In memory of חיה בת שלמה Edythe Benjamin, beloved mother of Barbara Hanus.

Tu B'Shvat is a strange holiday in the Jewish calendar. Unlike other holidays that have a clear and timeless definition - Pesach is the holiday of freedom, Sukkot is the holiday of thanksgiving – Tu B'Shvat’s meaning changes based on the era in which it was celebrated. There are no clear laws or customs connected to the day and so it evolves according to the needs of the times.

We first hear of Tu B'Shvat in the Mishnah as a purely technical date: the new year for trees, necessary for the agricultural commandments of Shmittah and Orlah. The reason Tu B'Shvat is chosen is because it is the end of the winter and most of the rain has fallen for the season. The trees begin to flower and to bud, leading to the new fruit of the season.

From this technical, clerical reason for marking the day, we jump to the time of the Geonim. There Tu B'Shvat takes on more of a spiritual aspect and becomes “judgment day for fruit,” almost a parallel to Rosh HaShanah for humans. A special Piyut was written to pray for a good growing season.

The focus shifts again in the sixteenth century, in the Kabbalistic world of Tsfat. Now fruit and trees are seen as a metaphor for humans in their relationship to God. The new institution of the Tu B'Shvat seder compares people to fruit and discusses how we can reach our full potential in spirituality.
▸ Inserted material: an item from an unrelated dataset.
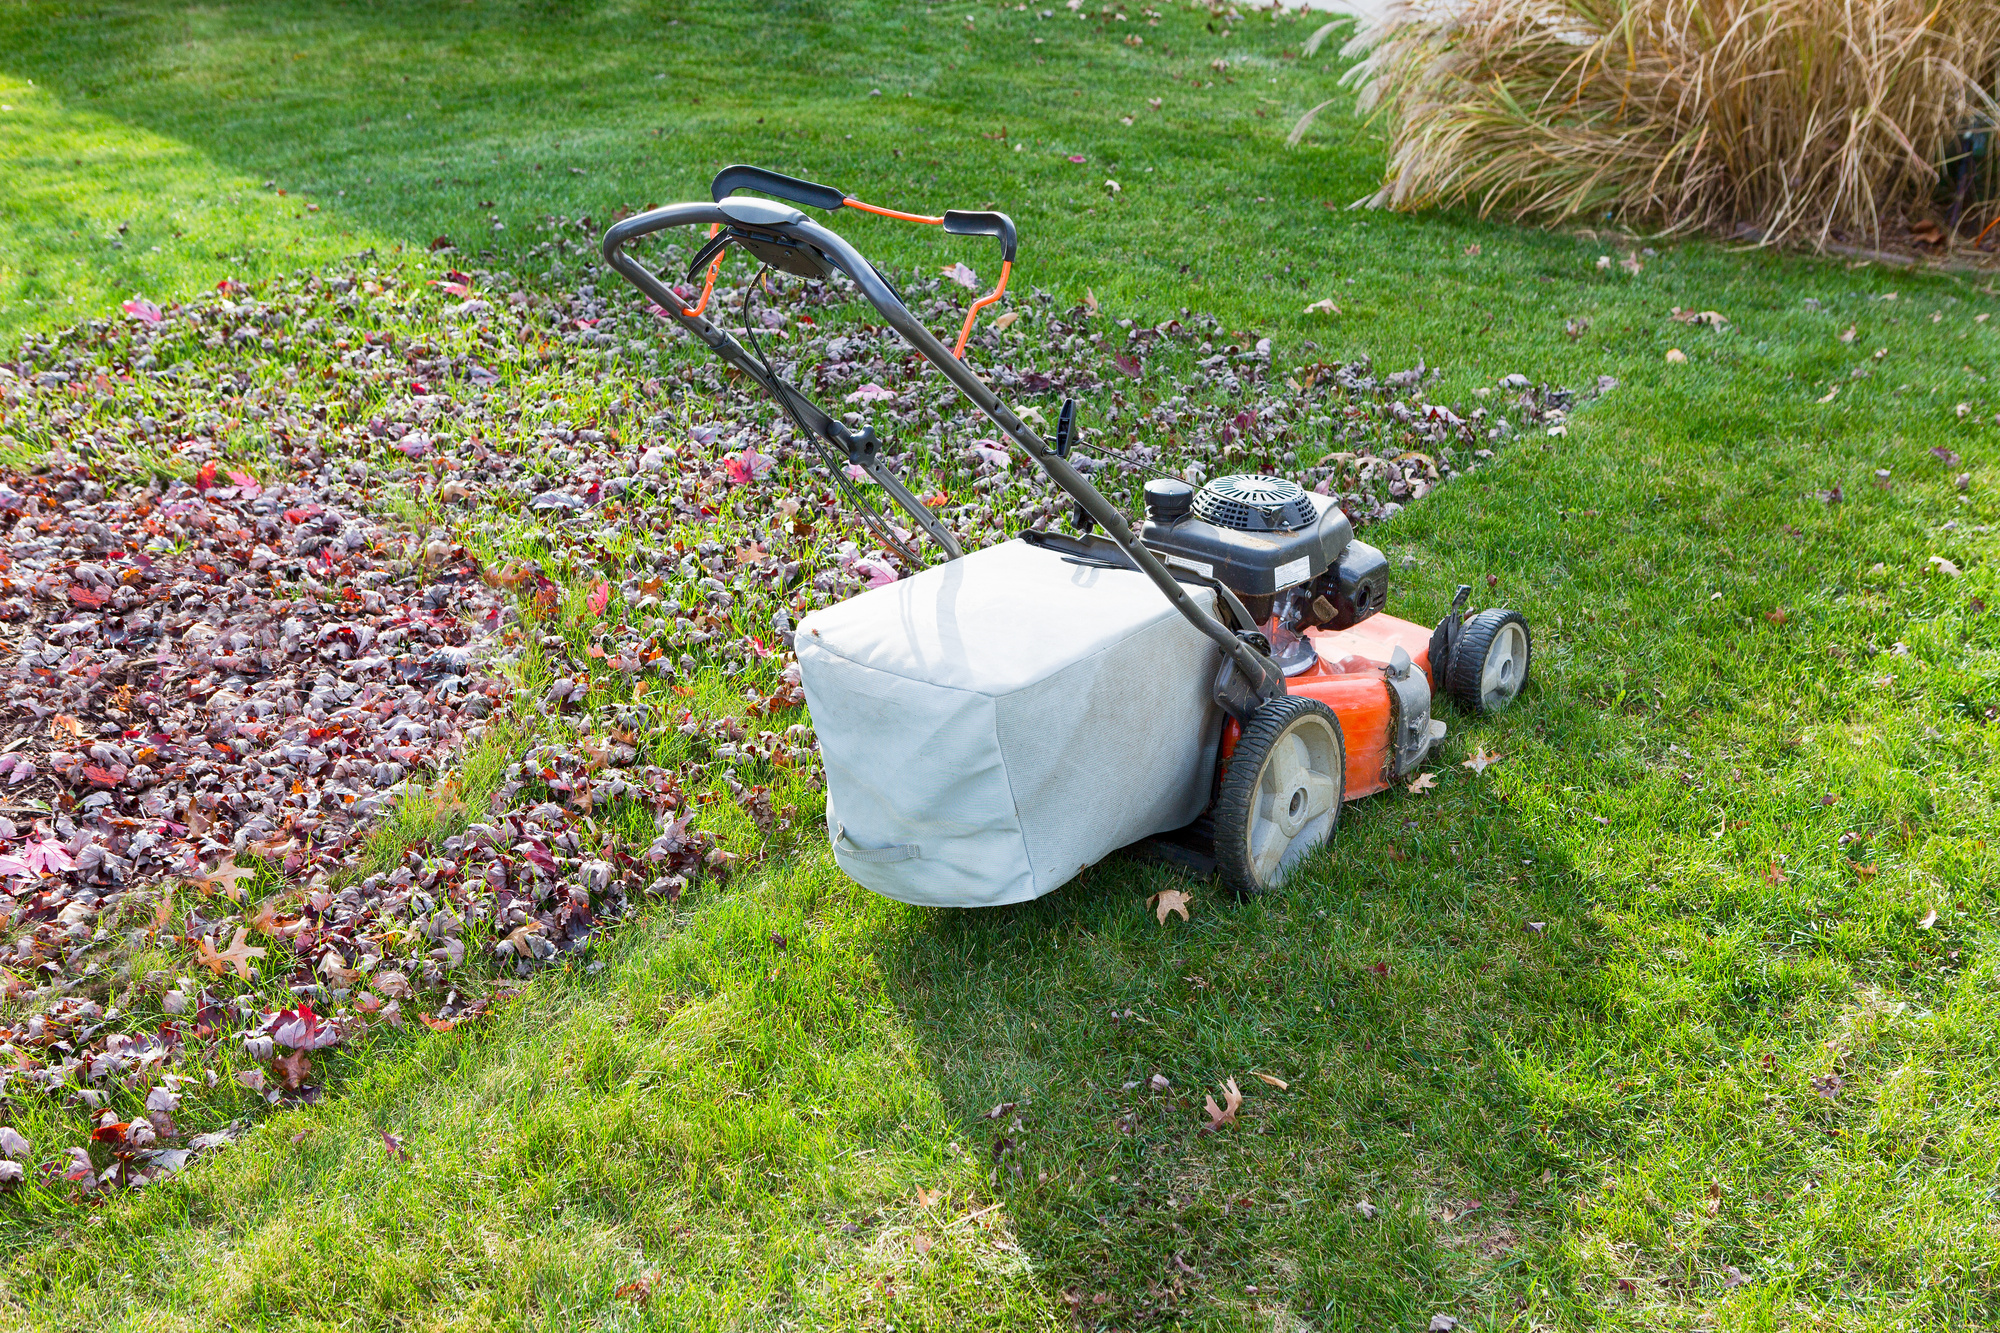 Get Ready for Leaves! Your Fall Lawn Care Checklist
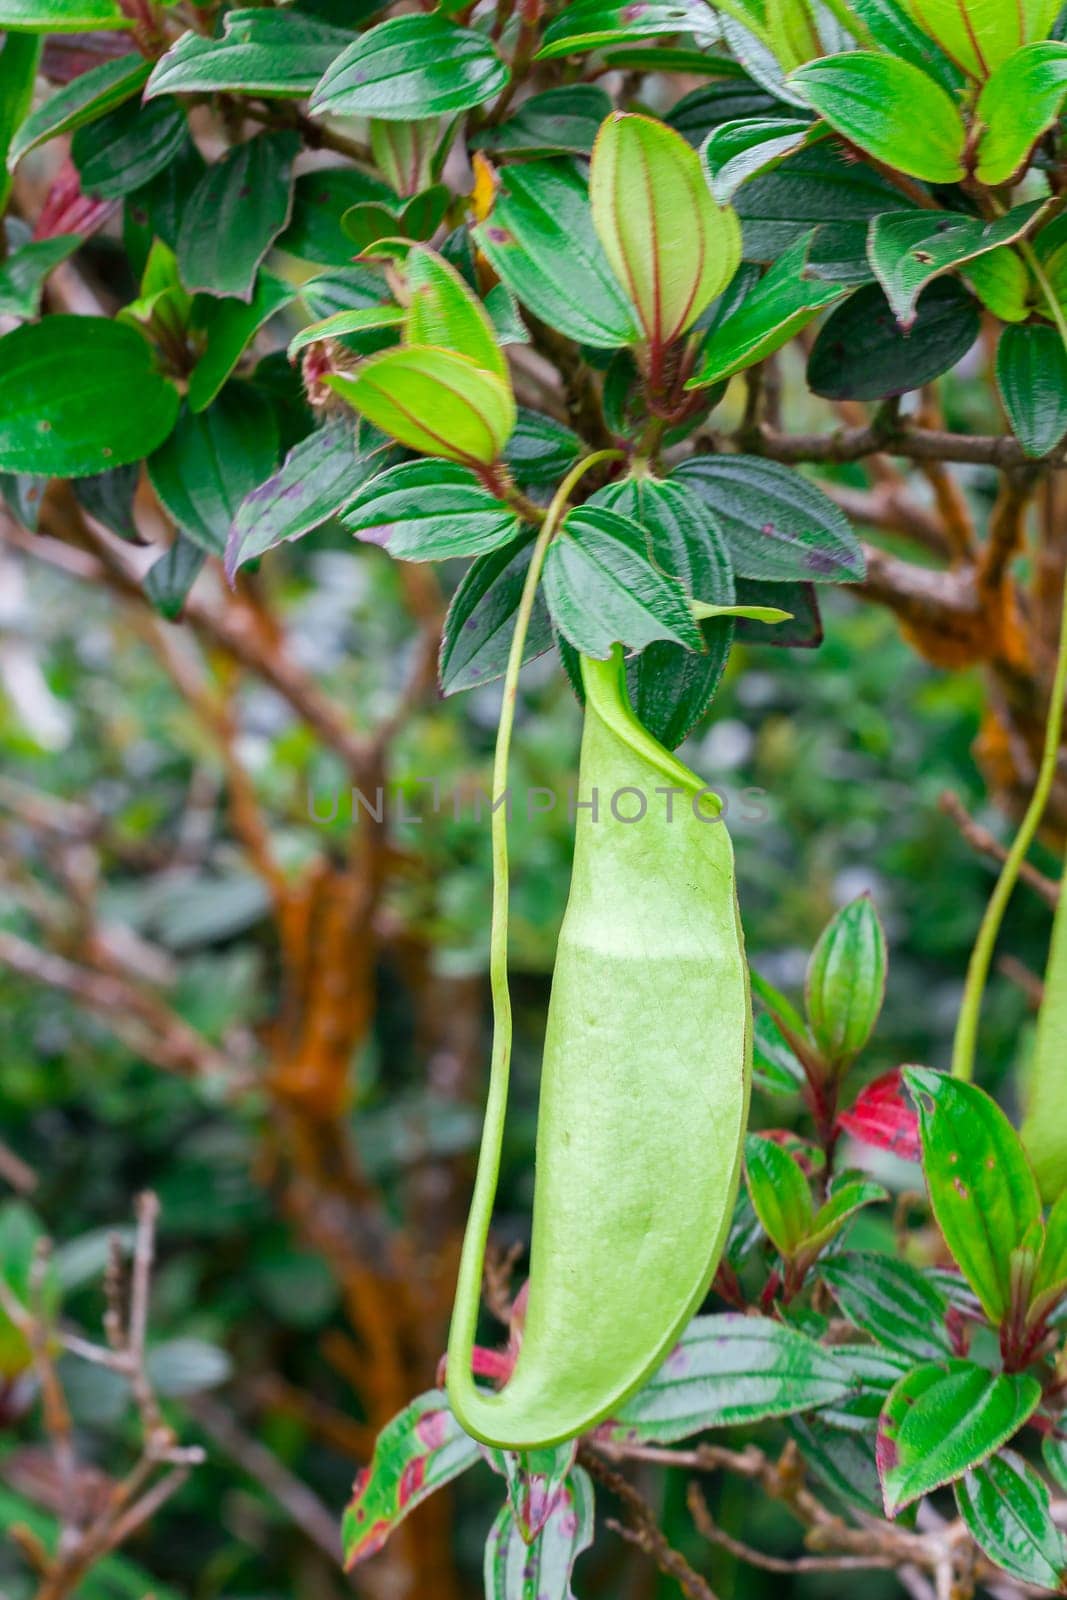 Nepenthes in the natural forest Is a type of animal eating plant

The natural world on earth reflects the heavens above and helps us understand how to best serve God.

In the long years of exile after the bright light of Tsfat died out, Tu B'Shvat became the holiday where Jews connected to the Land of Israel. While Israel is at the heart of the Jewish yearly cycle, Tu B'Shvat was the one opportunity for people to actually enjoy the physical fruits of the land, if they could get them. The European writer, Mendele Mocher Seforim, describes how once on Tu B'Shvat the people in the Russian shtetl obtained a date from the Land of Israel. They lovingly passed it around, conjuring up images of Israel: here we are crossing the Jordan! Here is the Kotel!

When we were fortunate enough to return to our land, the holiday took on a new guise: the ultimate celebration of the land and Zionism. Planting trees and going out into nature became the way to commemorate the day and were seen as one of the highest goals of the Zionist enterprise. Rabbi Avraham Yitzchak HaCohen Kook wrote about planting a tree with his own hands: “planting a tree in the Land of Israel is a way to emulate the attributes of God, Who also was occupied with planting the land.“

Today Tu B'Shvat has become a holiday that puts the environment and nature at center stage. What its next evolution will be is hard to say, but each one of these transformations reflects the words of Warsaw ghetto victime, Rabbi Kalonymus Kalman Shapira, the Esh Kodesh, Hy"d: “When you look out at the world around you, you are looking at God and He is looking back at you.”